There are some potential pitfalls to this visualisation approach, however. The scale used currently changes based on the largest word count in the chosen period, meaning unless you’re paying attention you might get the wrong impression of the number of words. I could change it so that the scale is always fixed as the largest, but that would then make it harder to make out details in periods that have much fewer words. Also, I suspect most categories are going to have many more nouns than other parts of speech, and a large spike of nouns can make it harder to see what’s going on with the other axes. Another thing to note is that the order of the axes is fairly arbitrary but can have a major impact on how someone may interpret the visualisation. If you look at the OE chart the ‘Hate’ area looks massive compared to the ‘Love’ area, but this is purely because there is only one ‘Love’ adjective compared to 5 for ‘Hate’. If the adverb axis had come after the noun one instead the shapes of ‘Love’ and ‘Hate’ would have been more similar. You don’t necessarily appreciate on first glance that ‘Love’ and ‘Hate’ have very similar numbers of nouns in OE, which is concerning. However, I think the visualisations have a potential for the HT and I’ve emailed the other HT people to see what they think.
This was a four-day week for me as I’d taken Friday off. I went into my office at the University on Tuesday to have my Performance and Development Review with my line-manager Marc Alexander. It was the first time I’d been at the University since before the summer and it felt really different to the last time – much busier and more back to normal, with lots of people in the building and a real bustle to the West End. My PDR session was very positive and it was great to actually meet a colleague in person again – the first time I’d done so since the first lockdown began. I spent the rest of the day trying to get my office PC up to date after months of inaction. One of the STELLA apps (the Grammar one) had stopped working on iOS devices, seemingly because it was still a 32-bit app, and I wanted to generate a new version of it. This meant upgrading MacOS on my dual-boot PC, which I hadn’t used for years and was very out of date. I’m still not actually sure whether the Mac I’ve got will support a version of MacOS that will allow me to engage in app development, as I need to incrementally upgrade the MacOS version, which takes quite some time, and by the end of the day there were still further updates required. I’ll need to continue with this another time.
I spent quite a bit of the remainder of the week working on the new ‘Speak for Yersel’ project. We had a team meeting on Monday and a follow-up meeting on Wednesday with one of the researchers involved in the Manchester Voices project (https://www.manchestervoices.org/) who very helpfully showed us some of the data collection apps they use and some of the maps that they generate. It gave us a lot to think about, which was great. I spent some further time looking through other online map examples, such as the New York Times dialect quiz (https://www.nytimes.com/interactive/2014/upshot/dialect-quiz-map.html) and researching how we might generate the maps we’d like to see.
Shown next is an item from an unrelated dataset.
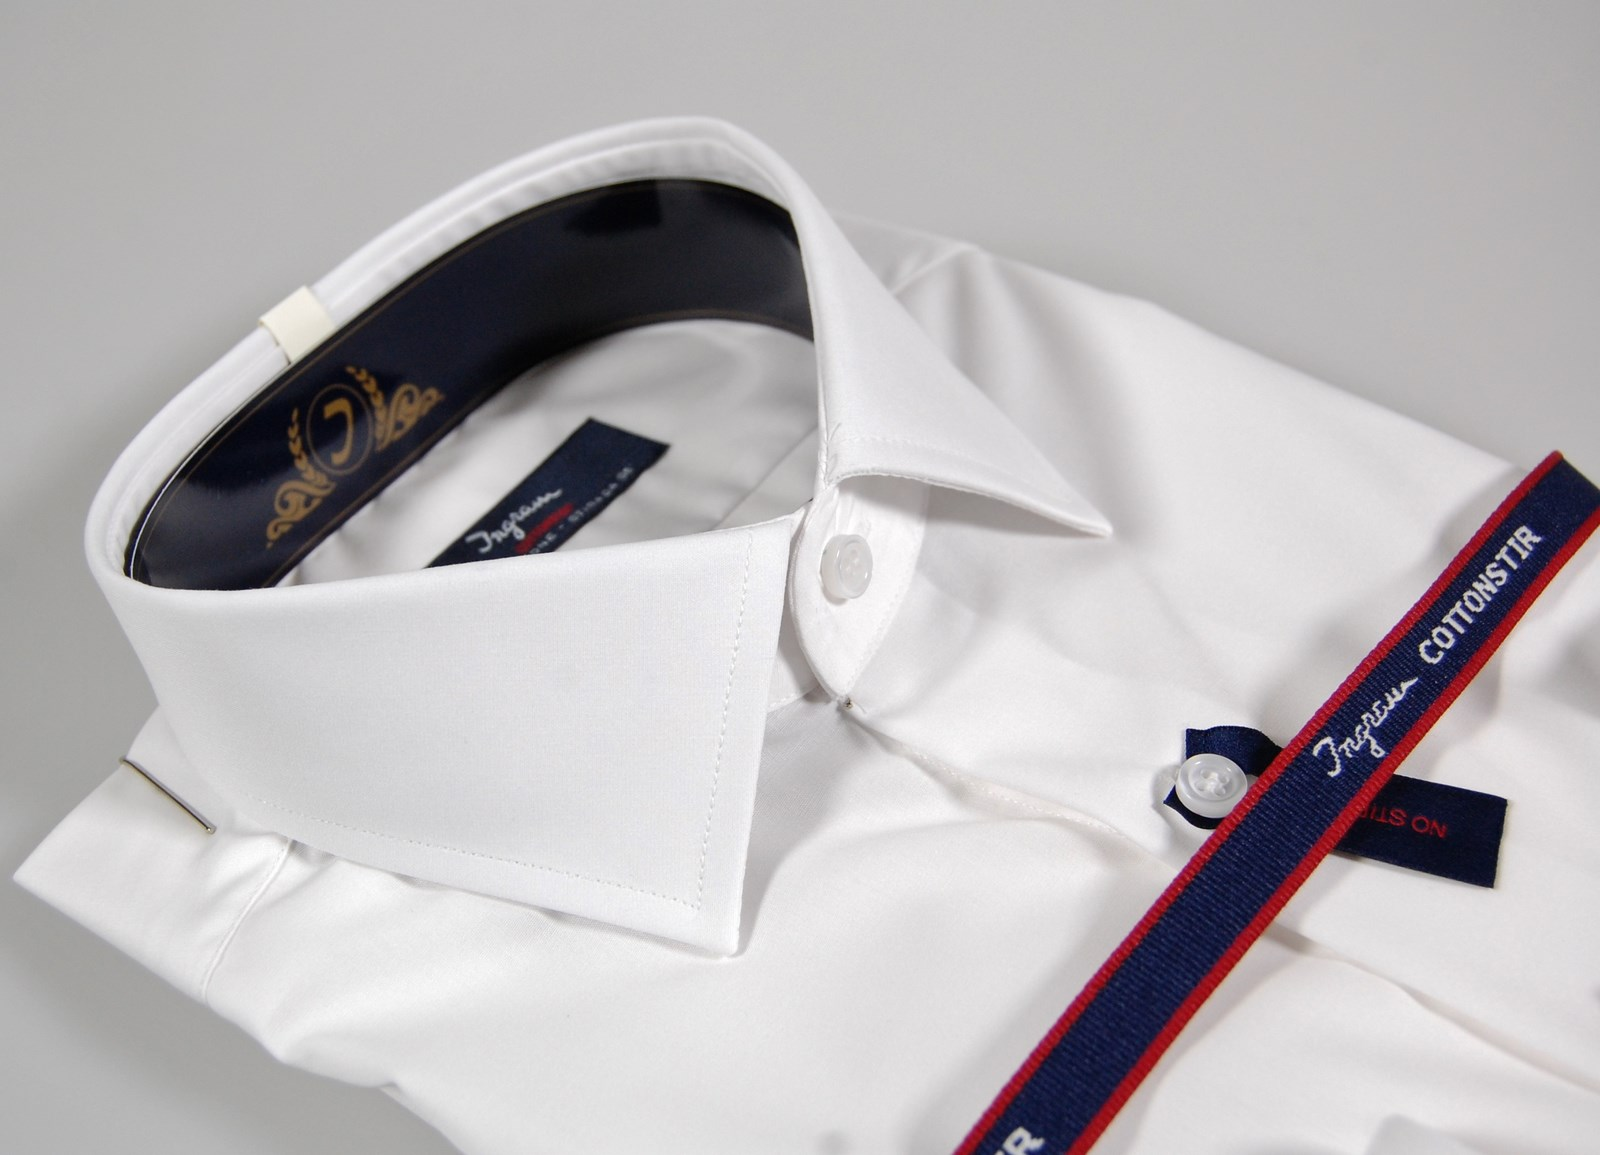 b4c74f78ff Dettagli su Camicia Ingram CottonStir bianca Slim Fit collo francese cotone  No Stiro TG 37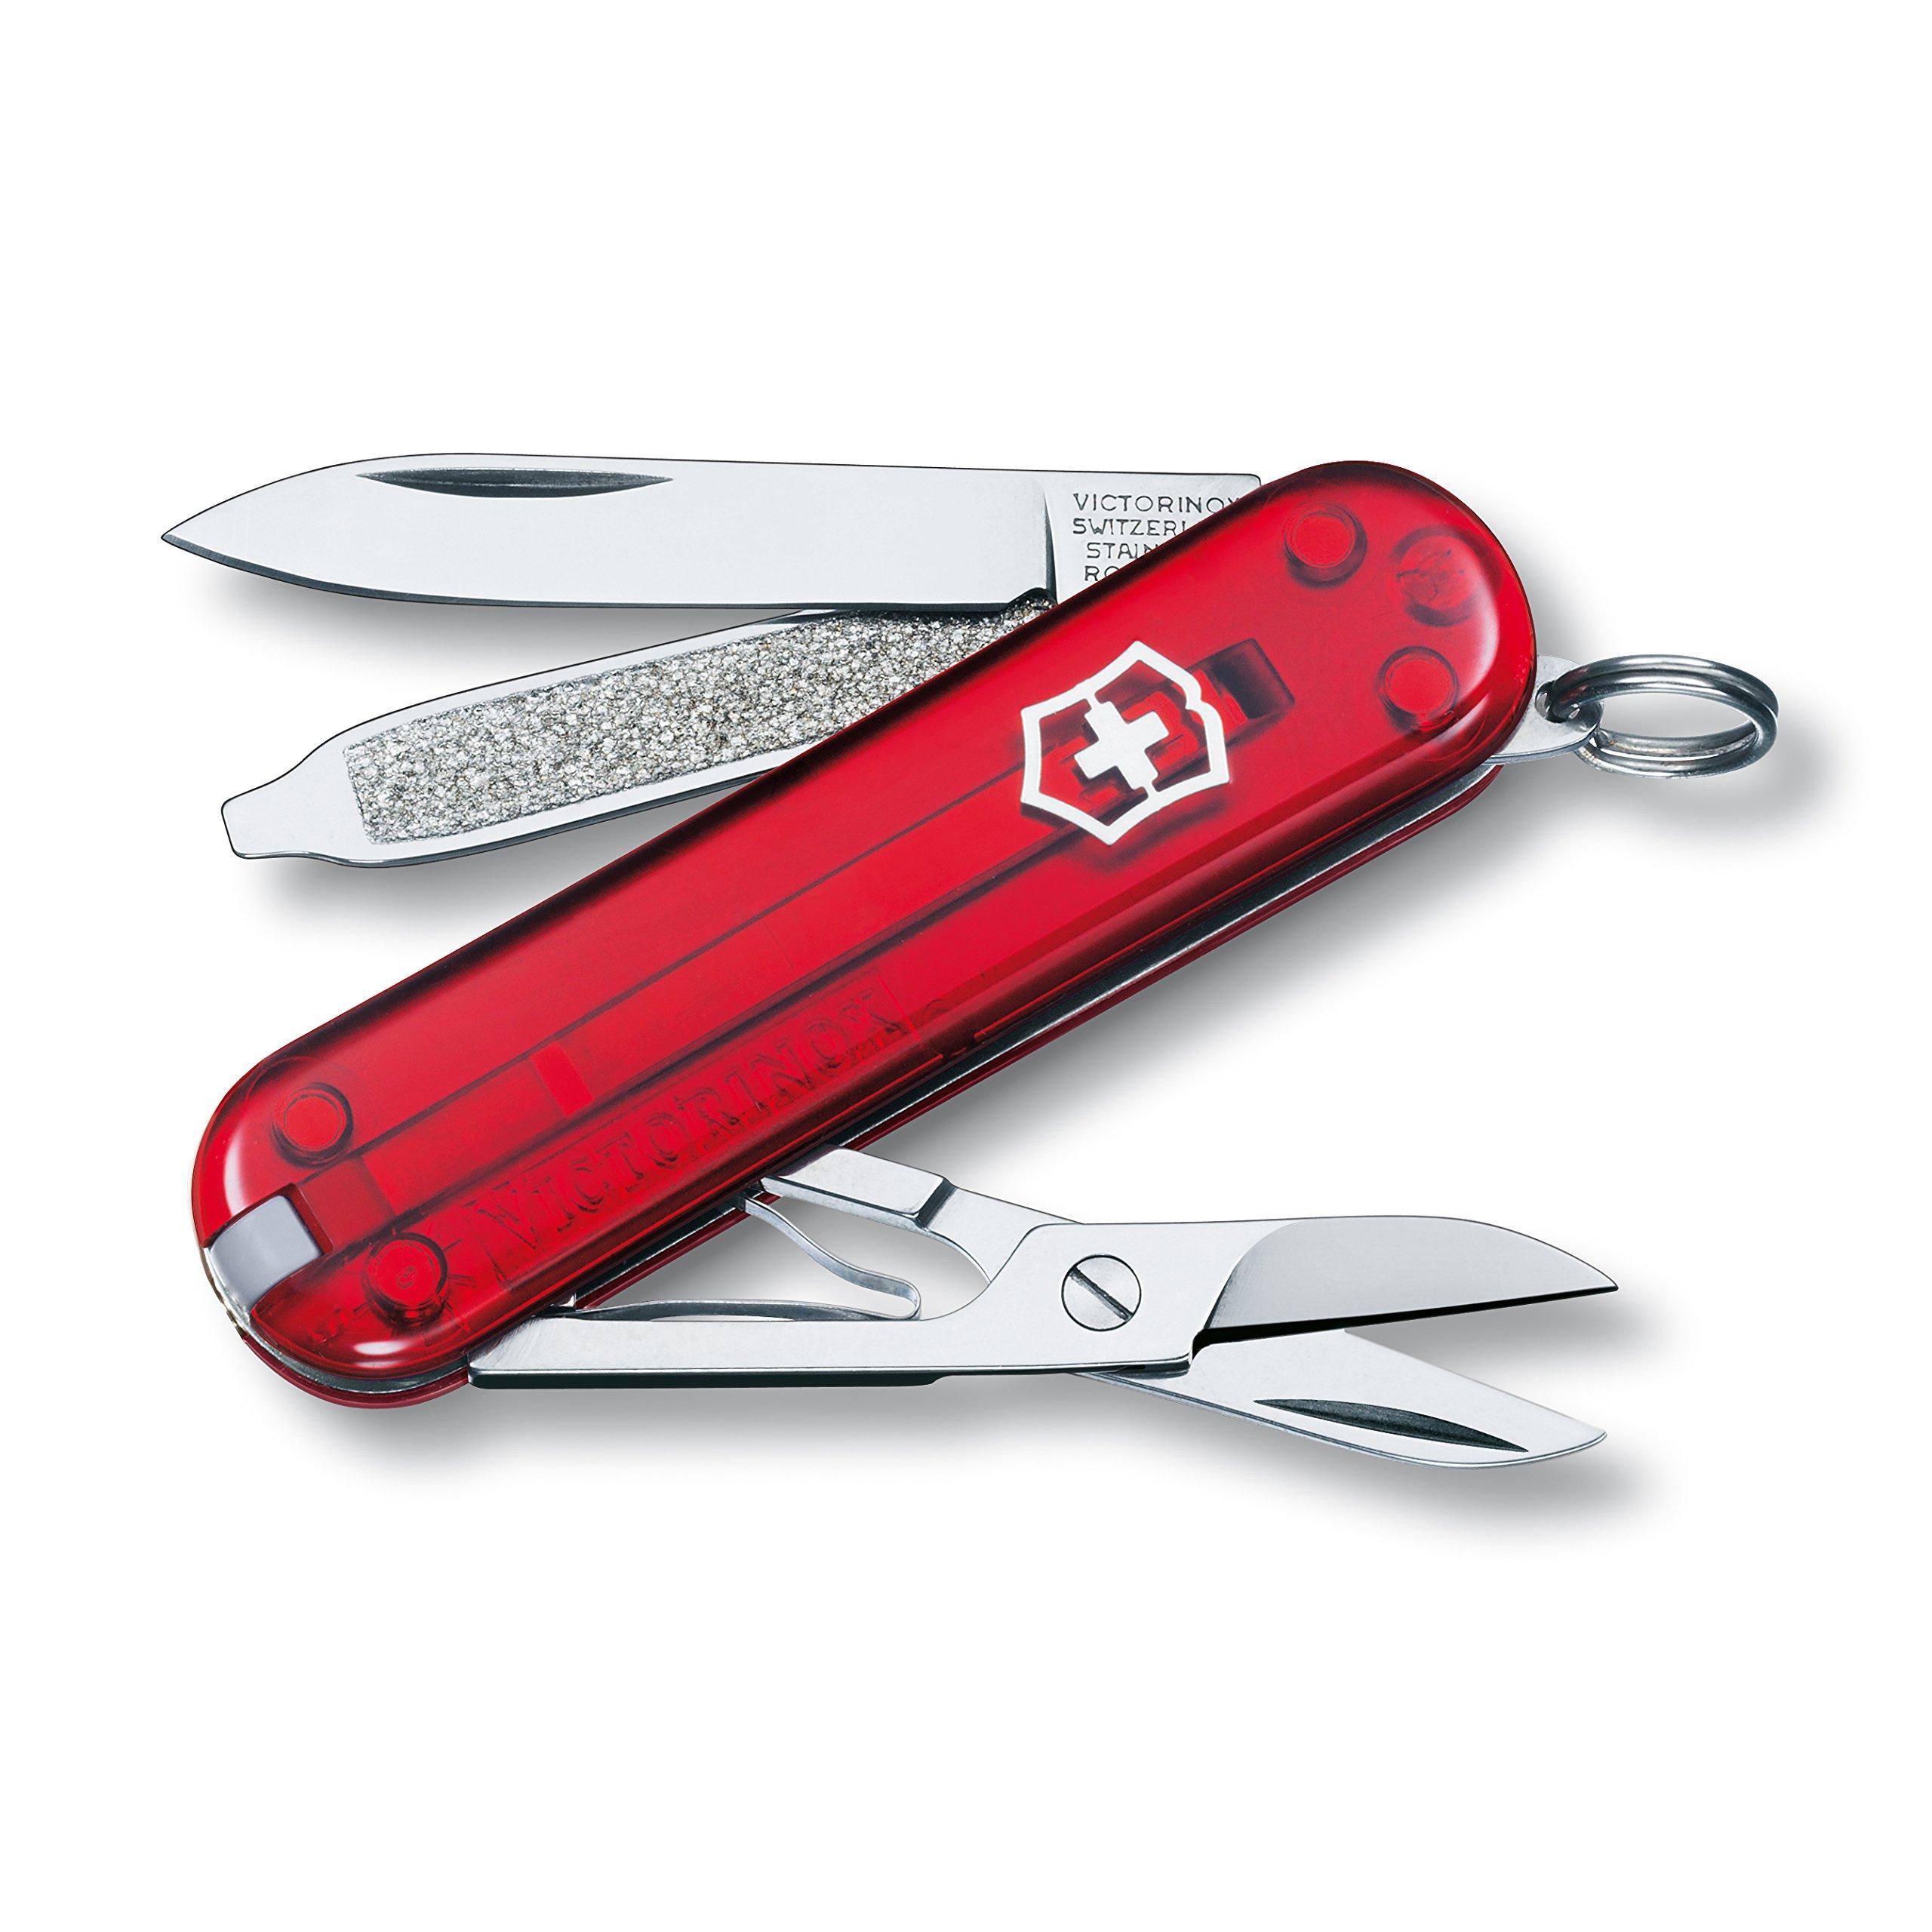 Victorinox Swiss Army Classic SD Pocket Knife, Translucent Ruby by Victorinox

It’s going to take quite a bit more research to figure out how all of this is going to work.
Also this week I spoke to the Iona place-names people about how their conference in December might be moved online and fixed a permissions issue with the Imprints of New Modernist Editing website and discussed the domain name for the STAR project with Eleanor Lawson. I also had a chat with Luca Guariento about the restrictions we have on using technologies on the servers in the College of Arts and how this might be addressed.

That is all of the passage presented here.